Milan Potmesil, Robert Silber


There is a compelling reason for studying human disease as the ultimate experimental system. This approach, highly practical and direct, can use already available information correlating clinical status, pathology, and pharmacology. This data base may help investigators to reevaluate current trends and to develop new directions in therapy. In this chapter, DNA topoisomerase research is discussed in the relation to biology and chemotherapy of selected malignancies.

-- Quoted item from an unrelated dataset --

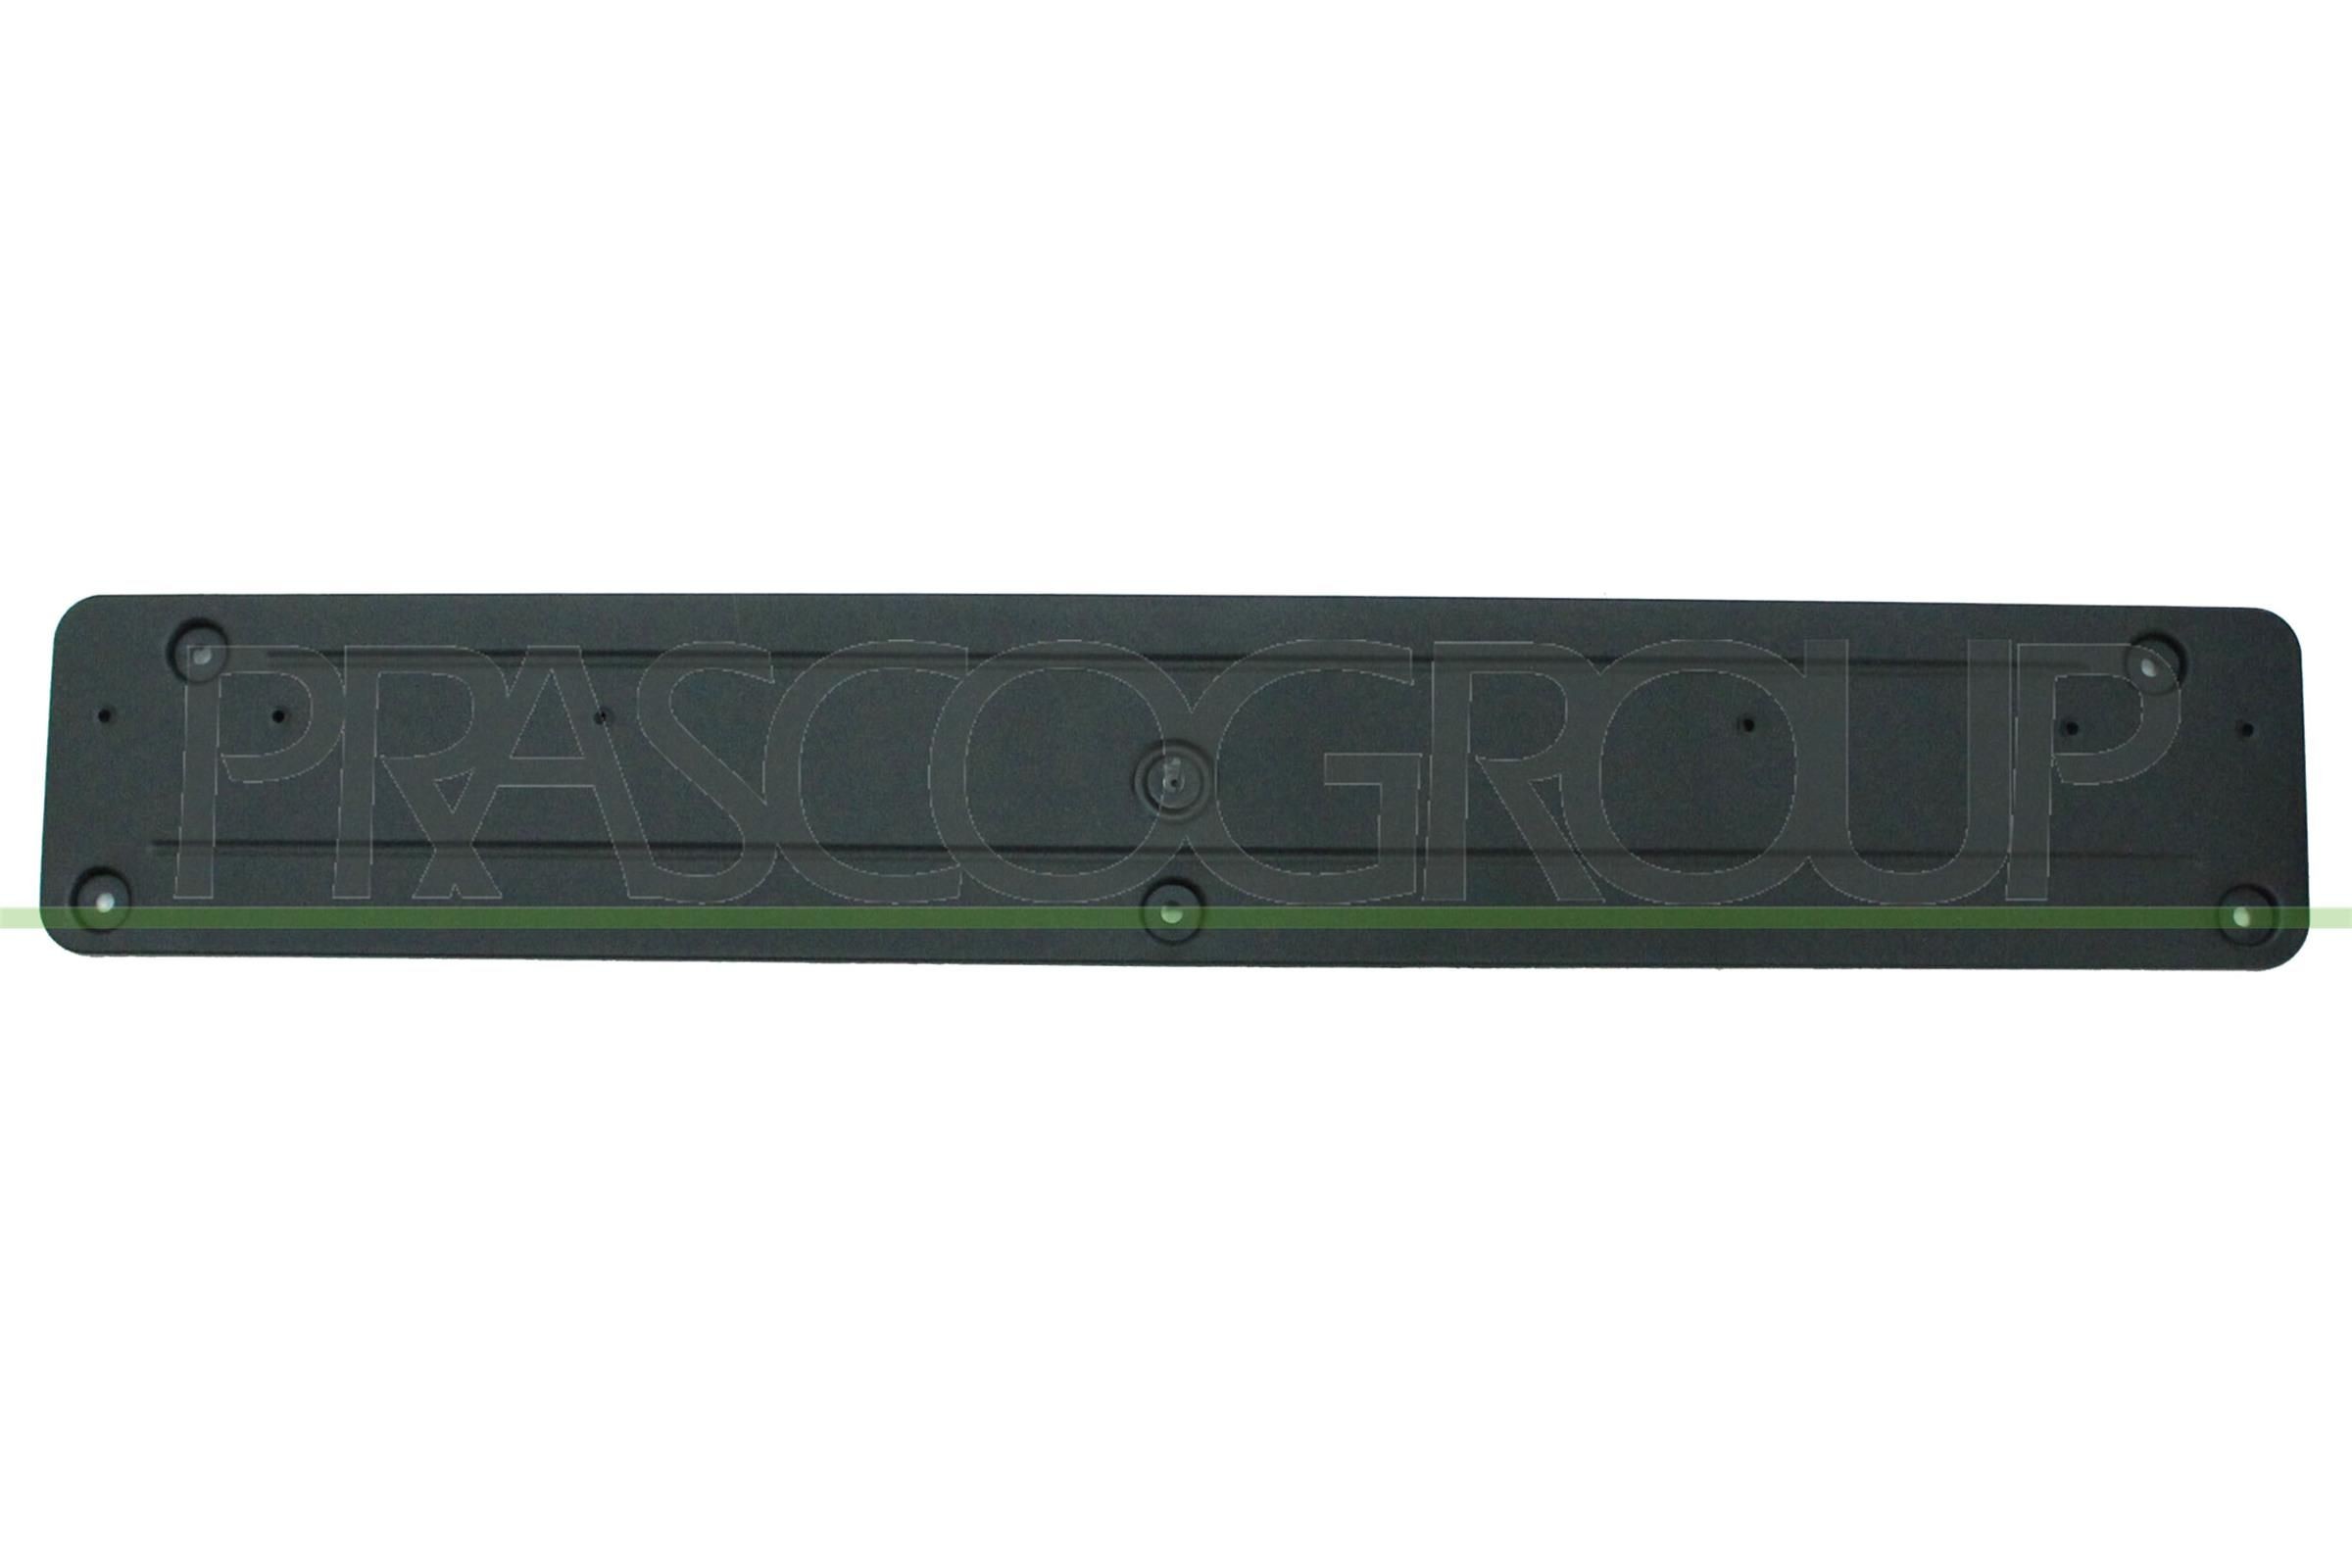 PRASCO Licence plate holder / bracket E46 Coupe new BM7021539

It was recently recognized that some of the most valuable anticancer drugs interact with topoisomerase II in cell-free systems, as well as in intact cells (for review, see Chen and Liu 1986; Potmesil 1988). In addition, topoisomerase I was identified as a target for the plant alkaloid camptothecin (Hsiang et al. 1985; Hsiang and Liu 1988). The interactions between the drug and topoisomerase involve mostly natural products of microbial or plant origin and their analogs. This results in a complex of a topoisomerase molecule bound covalently to cleaved DNA (Chen and Liu 1986), which is, most likely, the initial event leading to cell death. Drug interaction with either topoisomerase I or II plays a crucial role in drug-exerted cytotoxicity.

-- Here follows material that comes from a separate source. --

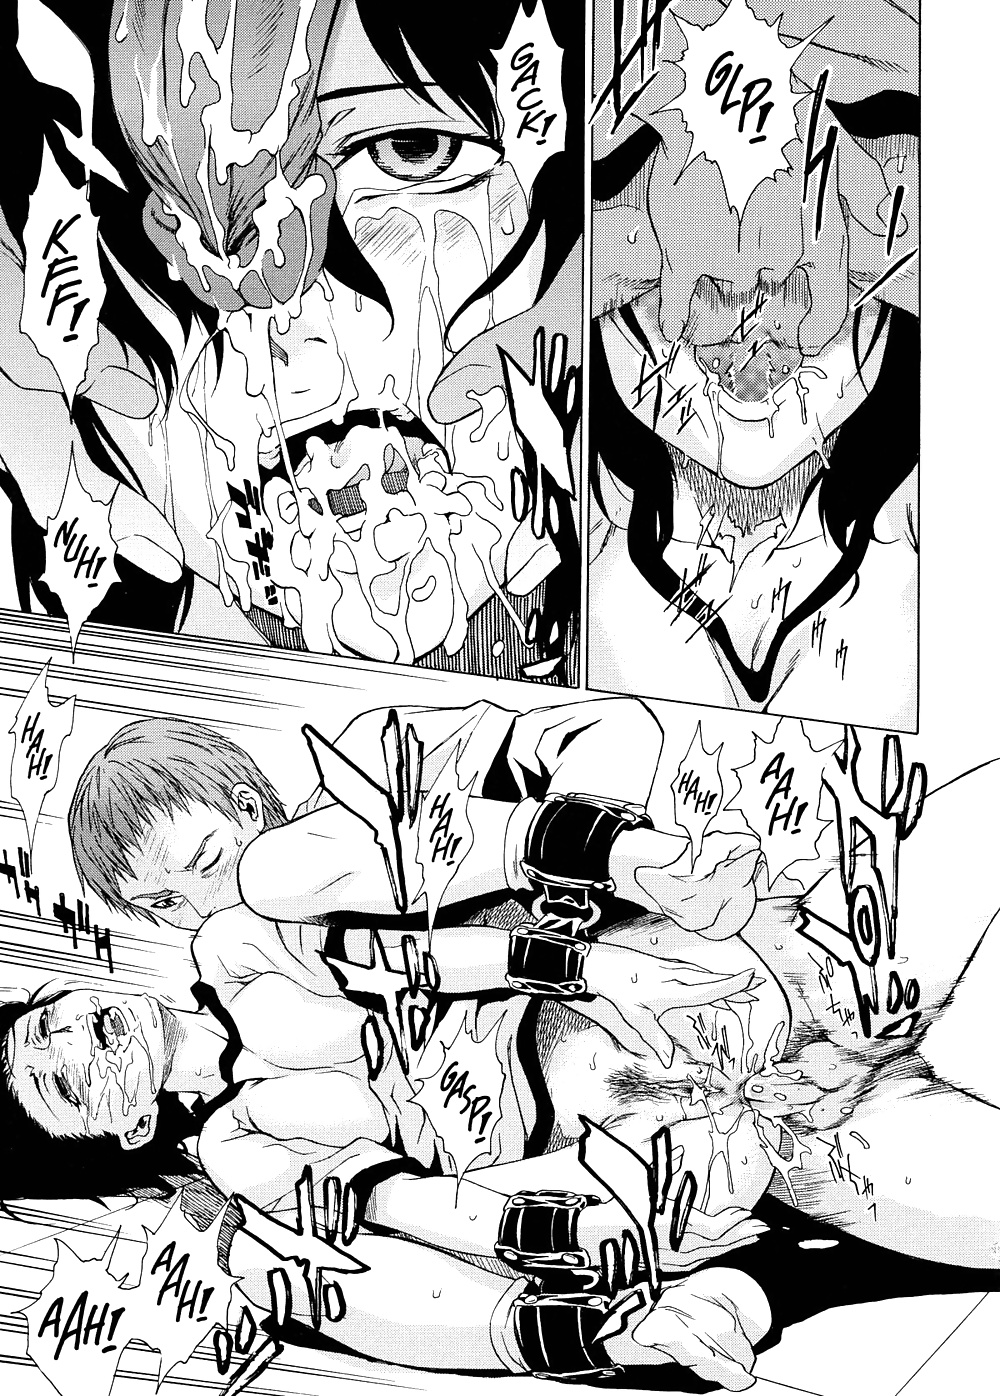 Domin-8 Me   Take On me   Hentai Manga Part 2 (70/98)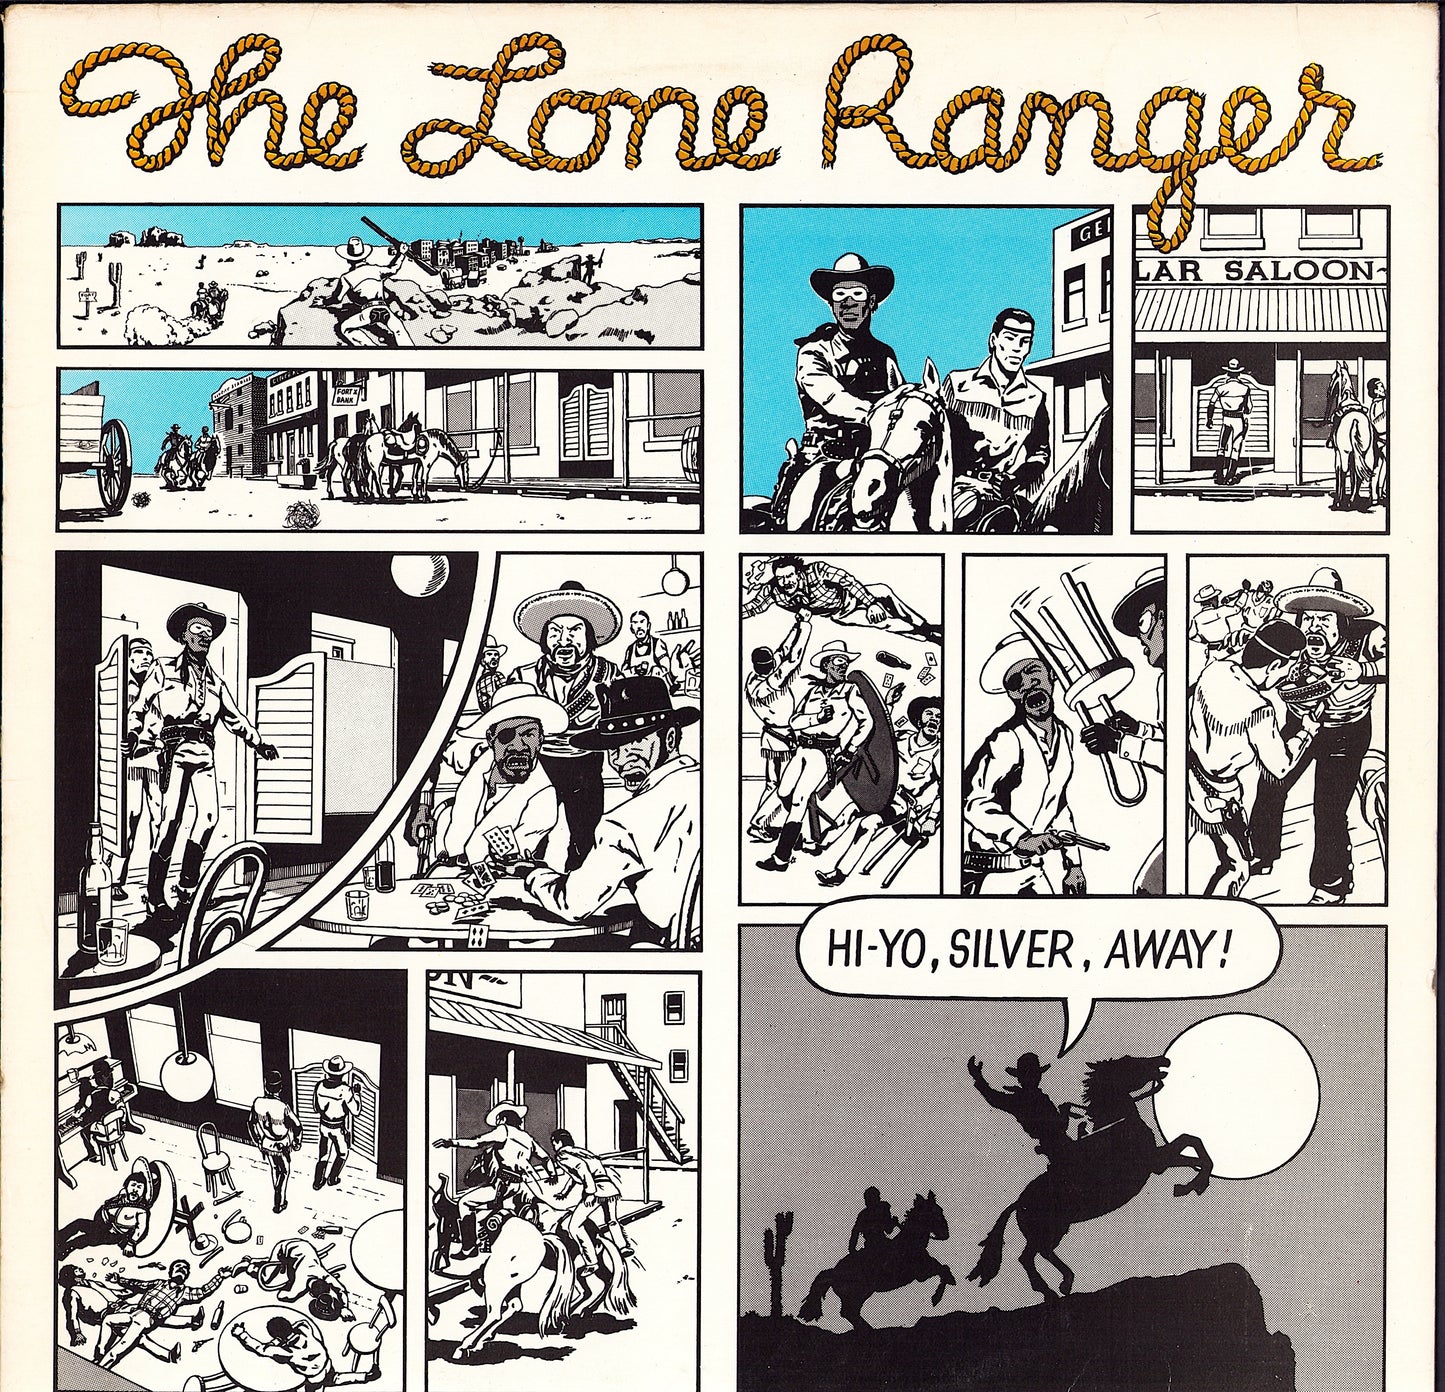 The Lone Ranger - Hi-Yo, Silver, Away! (Vinyl LP)

In the early 1970s, camptothecin, a plant alkaloid isolated from Camptotheca acuminata of the Nyssaceae plant family (Wall et al. 1966), was briefly tested in phase-I and -II clinical trials (Gottlieb et al. 1970; Moertel et al. 1971; Muggia et al. 1972). Myelosuppression was the dose-limiting toxicity in cancer patients treated with camptothecin sodium salt, and cystitis...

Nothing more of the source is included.